25.  JonMikal waiting patiently for his burger at Fuddruckers






26.  An awesome shot of the Capitol thanks to JonMikal and ClarinetJWD






27.  Union Station


----------



## JonMikal (Nov 20, 2005)

nice series Josh! payback is h*ll though, i gave you $20 not to post those 

i certainly enjoyed hanging out with these two characters yesterday. having the secret service chase Joe off the WH fence, being throw out of the Willard, buying drugs on 7th st outside fuddruckers, and stopping traffic on pennsylvania ave for pics, the day was quite fun  it's interesting hanging out with young kids these days 

honestly though, it was a pleasure meeting Josh and Joe. they both have an awesome sense for photography and will undoubtedly be two to watch out for! we discussed trying to make this a routine event....come and join us!
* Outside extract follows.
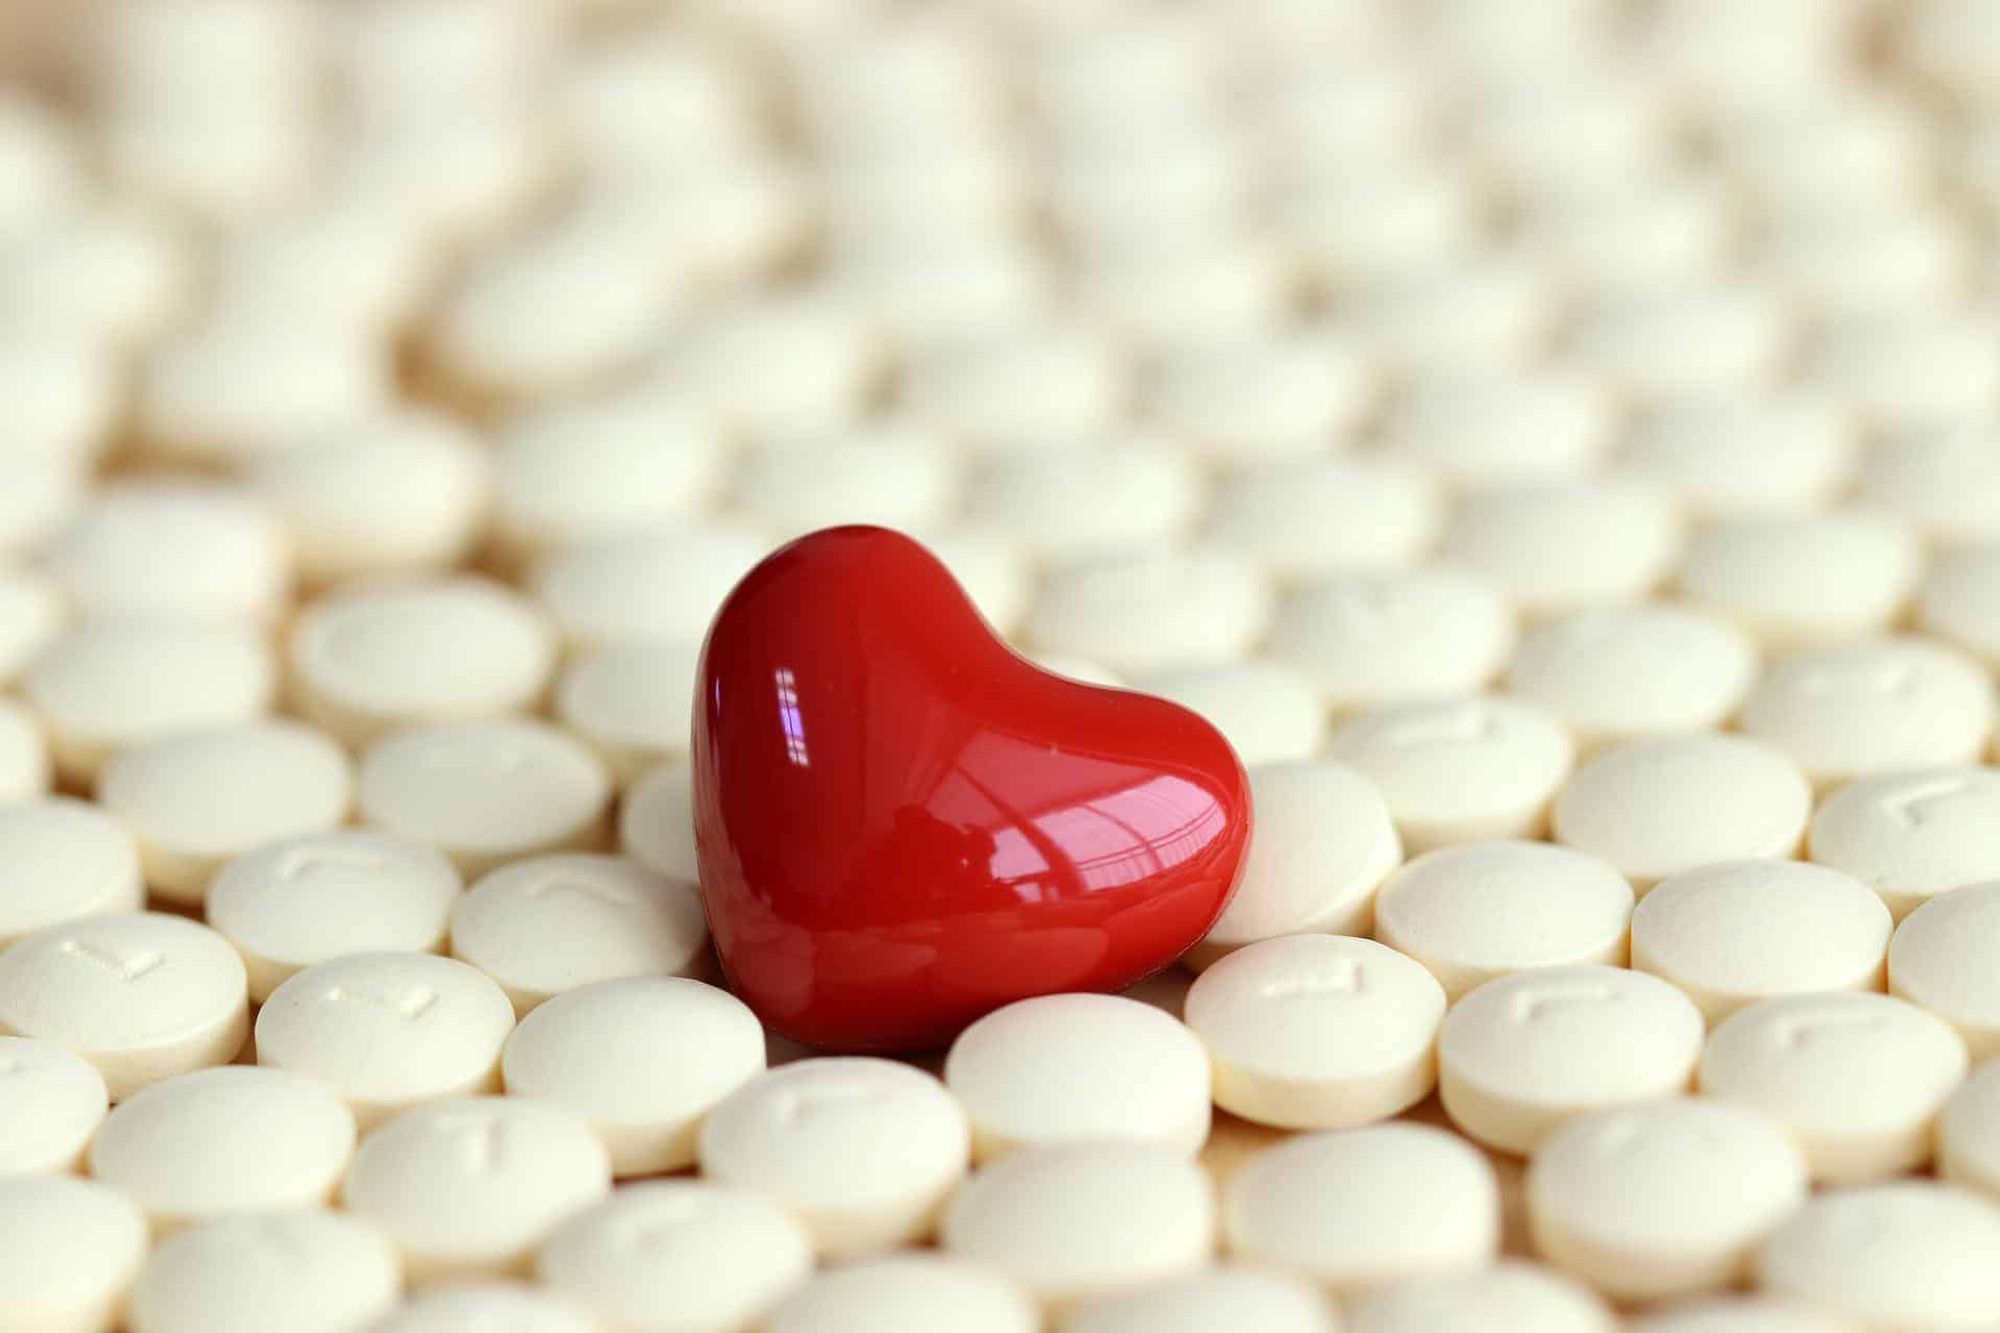 Maladies cardio-vasculaires : un nouveau traitement 3 en 1 réduit considérablement le risque de décès

i hope to get some images out later today.


----------



## clarinetJWD (Nov 20, 2005)

Here we go!

1.  From the other side.  jocose and JonMikal





2.  Jon getting...propositioned...





3.  Bullseye!






Now for the artsy ones (I'm also putting these in a separate thread)

4.  Winged





5.  Watercolor





6.  Union Station





7.  Surrealscape





8.  Reflection--Distortion





9.  The Great Pyramids





10.  Appalacian Stand-off





11.  Individuality





12.  The Obligatory Escalator Shot





13.  Corner





14.  Capitol Street





15.  Capitol Construction





16.  C





17.  Lightplay





I apologise to any 56kers out there.


----------



## TBaraki (Nov 20, 2005)

You guys still have Fuddruckers???  The franchises around here all went under years ago.  I miss them so much.  
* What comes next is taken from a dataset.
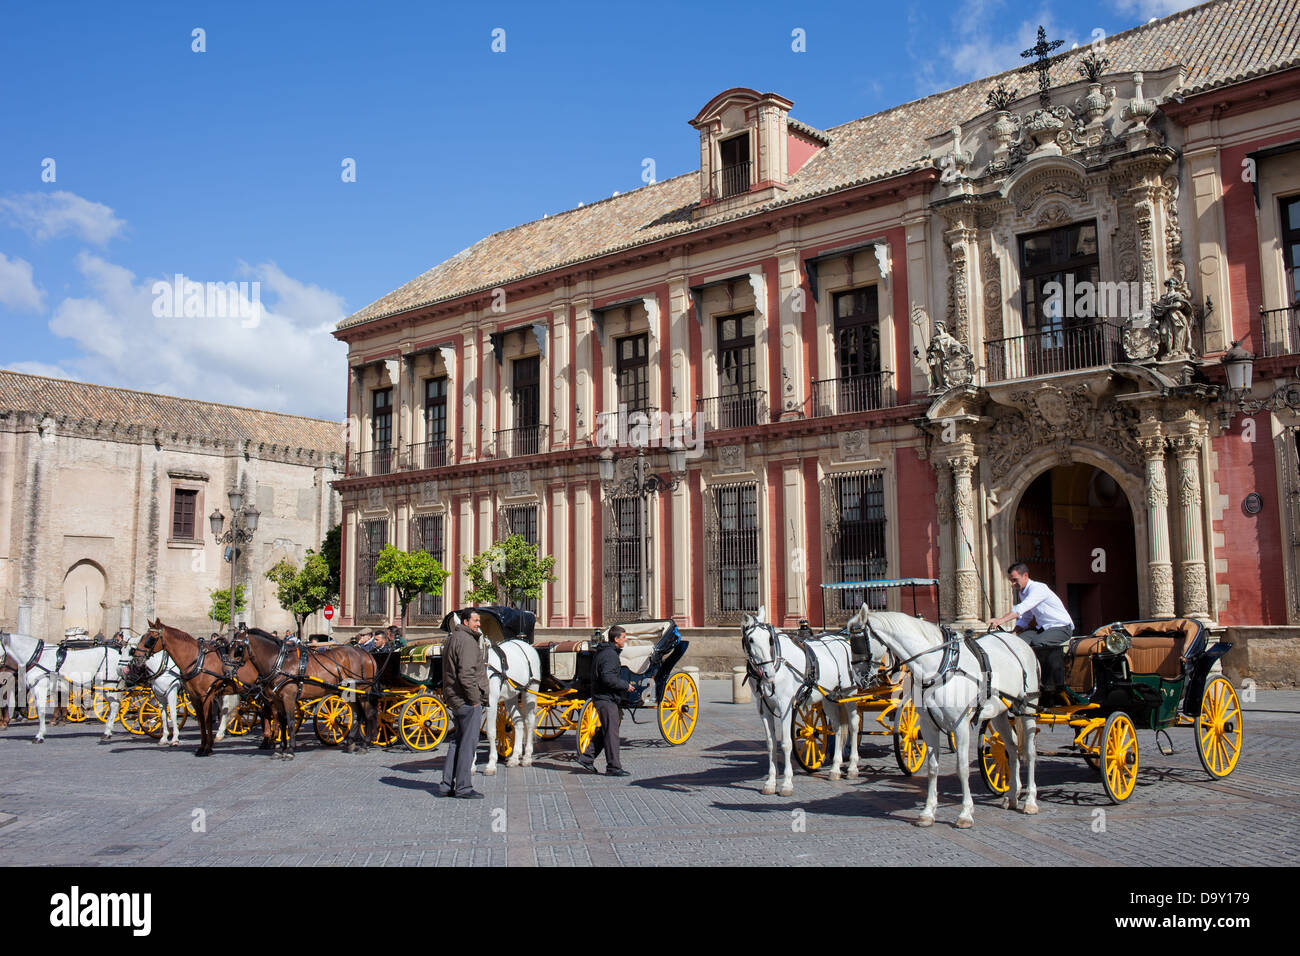 Ciudad Vieja de Sevilla pintoresca arquitectura histórica (zona próxima a la Catedral) y carruajes de caballos, Andalucía, España. Foto de stock

Great photos; it looks like a fun get together!


----------



## mentos_007 (Nov 20, 2005)

wooohooo... Clarinet!!! you are very handsome!!  yay!! 
hehe and wonderful pictures!!!! thanks for sharing!!


----------



## jstuedle (Nov 20, 2005)

Very nice shots guys. I have not been to DC since the tenth grade. That was a L-O-N-G time ago. I can see I nedd to start planing a trip back before I'm cold and stiff. Good work, thanks for sharing.


----------



## LaFoto (Nov 20, 2005)

New meet-up photos! :mrgreen:
Yay!
With members in it looking their very best in all of them, whether they pick a lion's nose or wait "patiently" for their burger! 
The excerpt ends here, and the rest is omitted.